# Curious As To What Type Of Fish I Just Got



## Rivethead (Aug 21, 2011)

So I seen this little guy mixed in with the Butterfly Koi at a local Walmart, have been watching him since he was first misplaced into that tank, and he started off at roughly the size of a lima bean. Now he is roughly an inch and a half, and it grey with light pink on the outer edges of his dorsal and tail fins, (You might not notice it in the pictures.) I figured he might possibly be a crappie that got lucky and got mixed up in an order. But I could be wrong. So does anyone know what type of fish this is?
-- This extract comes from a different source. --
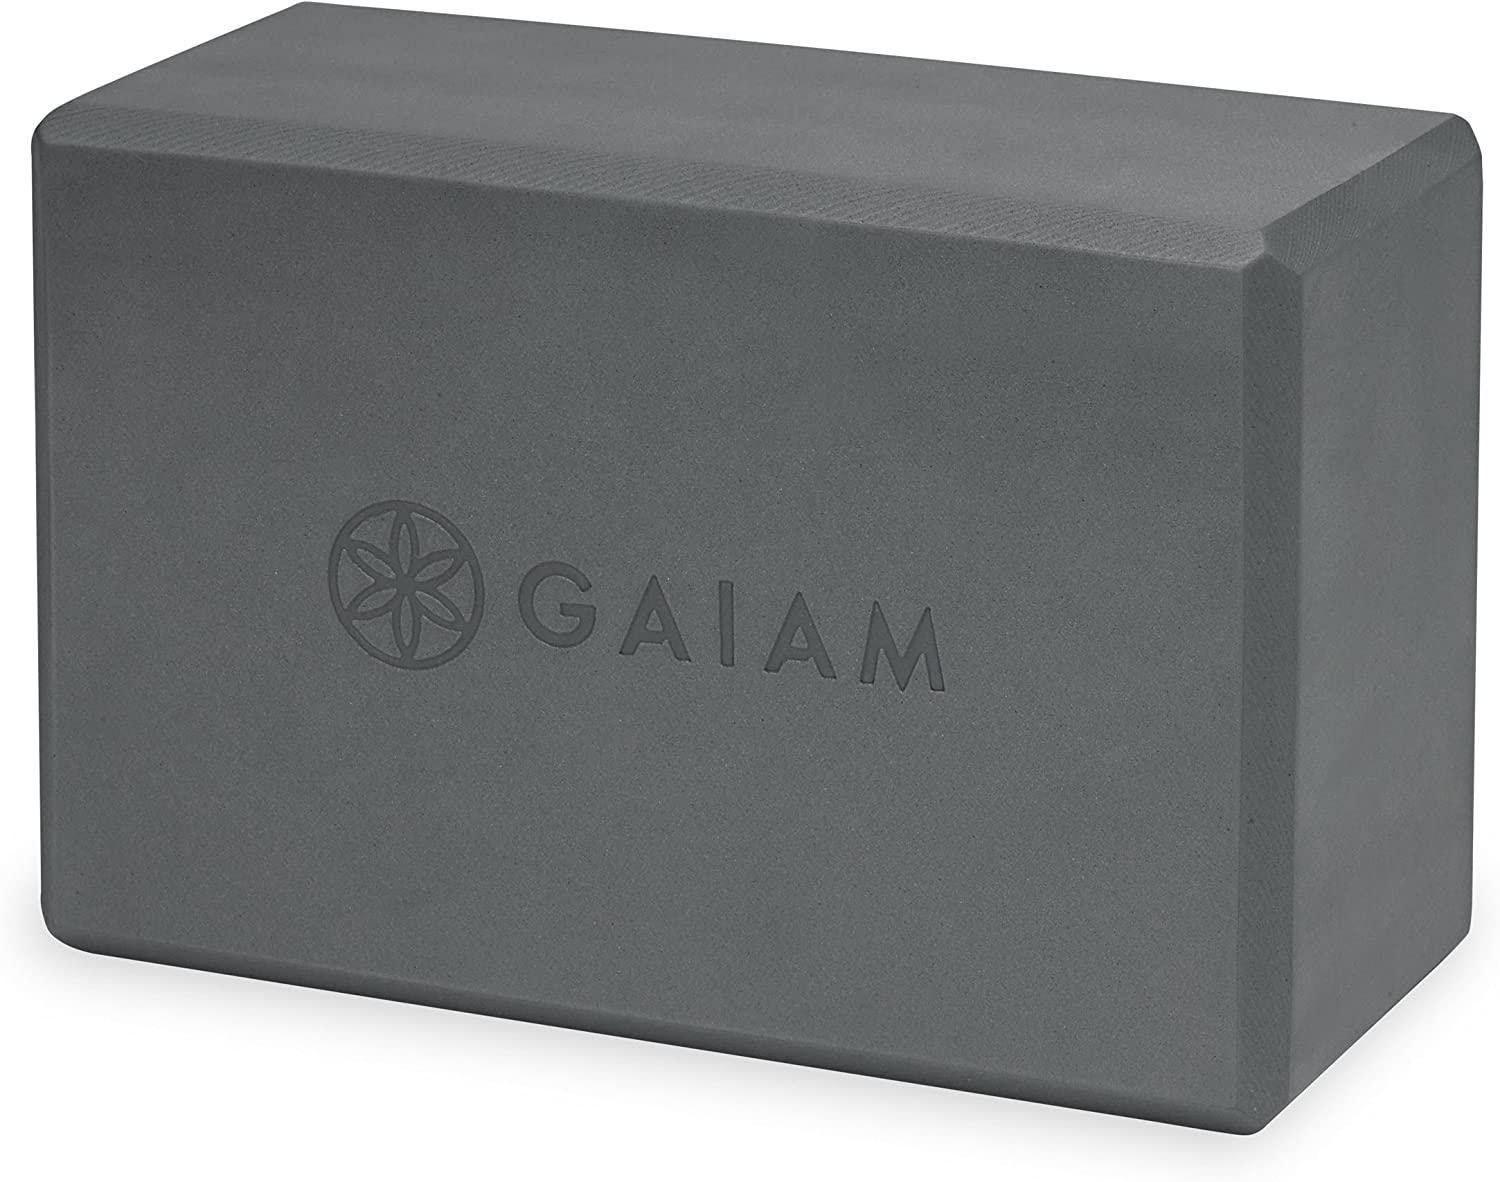 Gaiam Yoga Block + Yoga Strap Combo Set Grey
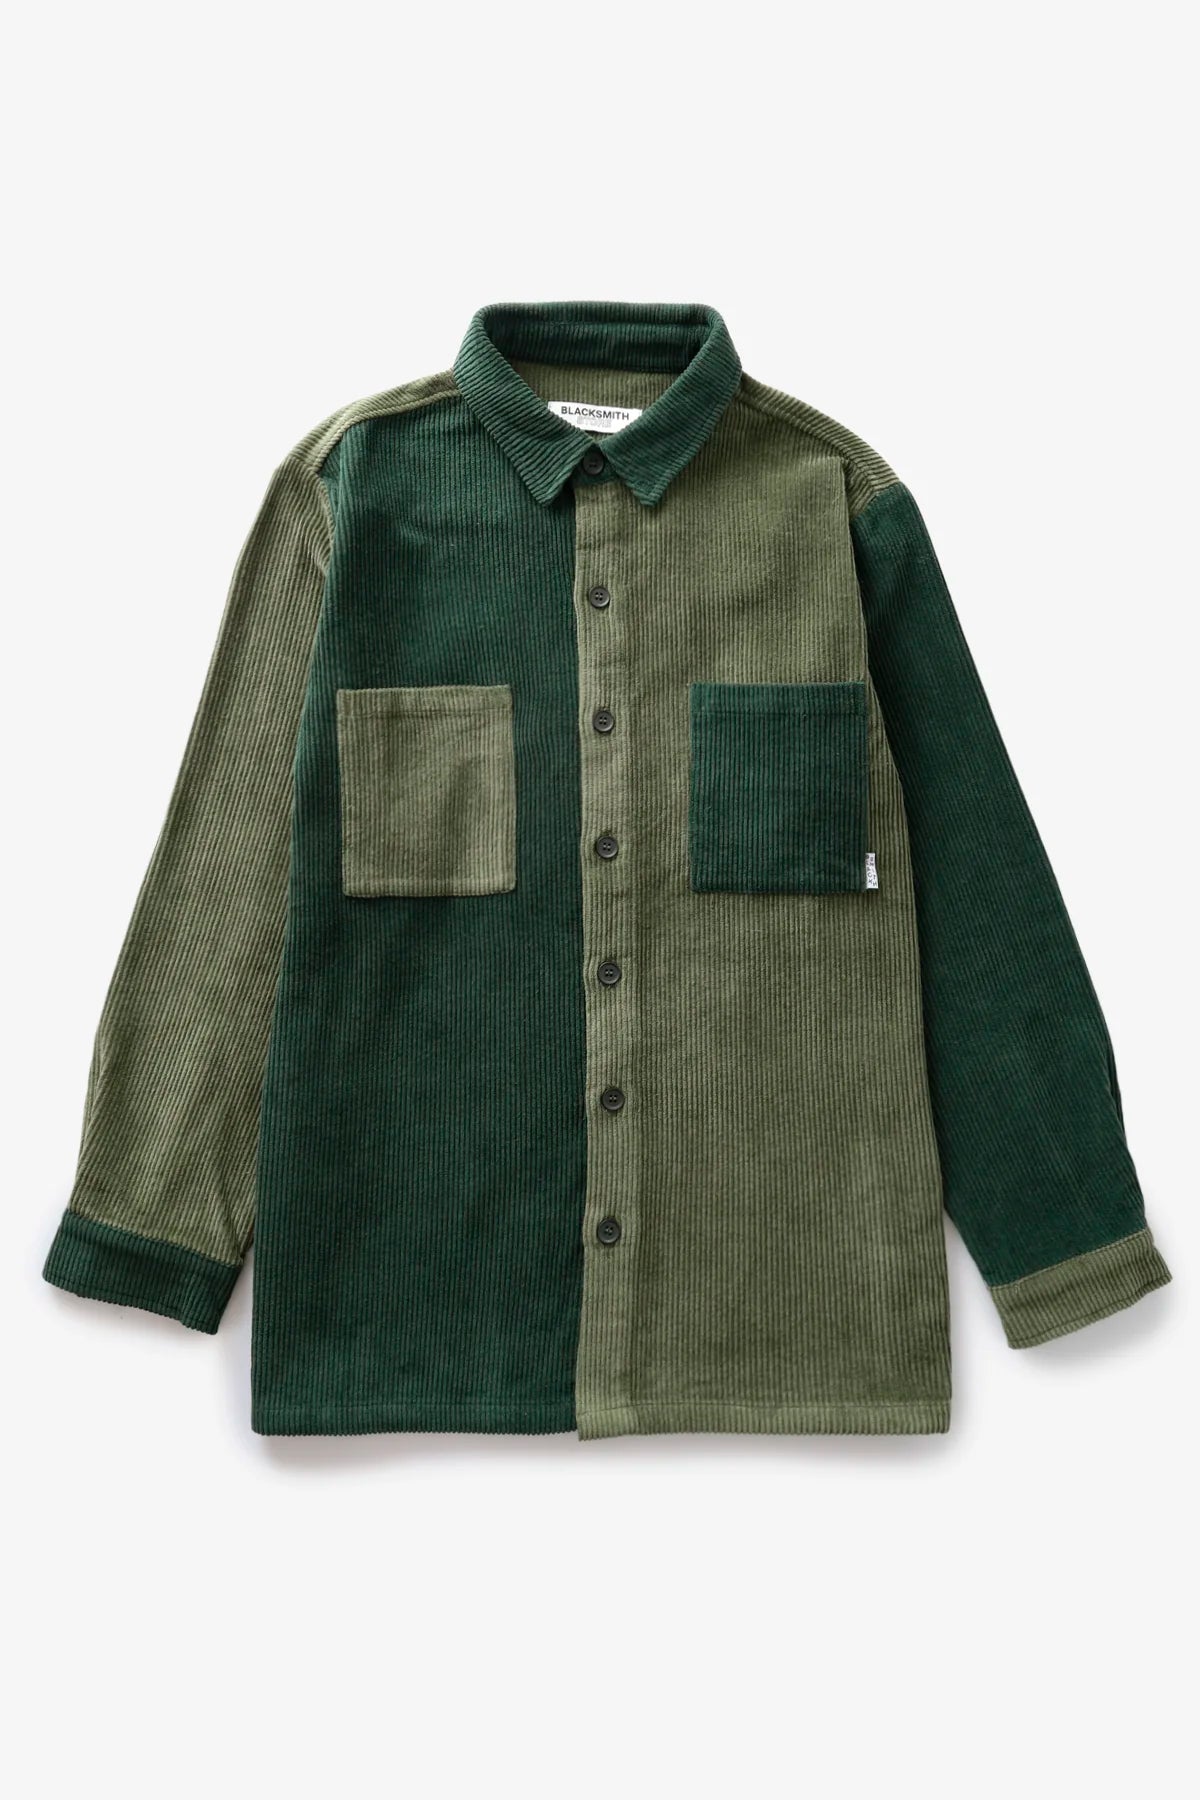 Blacksmith - Patchwork Corduroy Shirt - Green

Also, apologies for blurred images my digital camera is currently dead.


----------



## phil_pl (Apr 10, 2009)

looks like a cichlid to me, possibly a haplochromis based on the body structure but i cant be for sure what type based on the picture


----------



## majerah1 (Oct 29, 2010)

Agreed,he is a cichlid of some type.His body shape gives it away.However,I couldnt tell you the type as I have no clue.


----------



## Rivethead (Aug 21, 2011)

Thanks for the info, but I dont think it is a cichlid because the fish is not aggressive at all, it does not nip any fins, and has integrated nicely with my goldfish and koi that I am growing to place into a pond when they get bigger.


----------



## susankat (Nov 15, 2008)

If its a victorian which it looks like, most of those aren't to bad in the aggression levels.


----------



## PapaM (Jul 10, 2011)

Susankat might be right on. Look at the juvenile (third row from the bottom). 

http://www.african-cichlid.com/victoriae.htm


----------



## susankat (Nov 15, 2008)

It looks a lot like some of my juvies


----------



## Rivethead (Aug 21, 2011)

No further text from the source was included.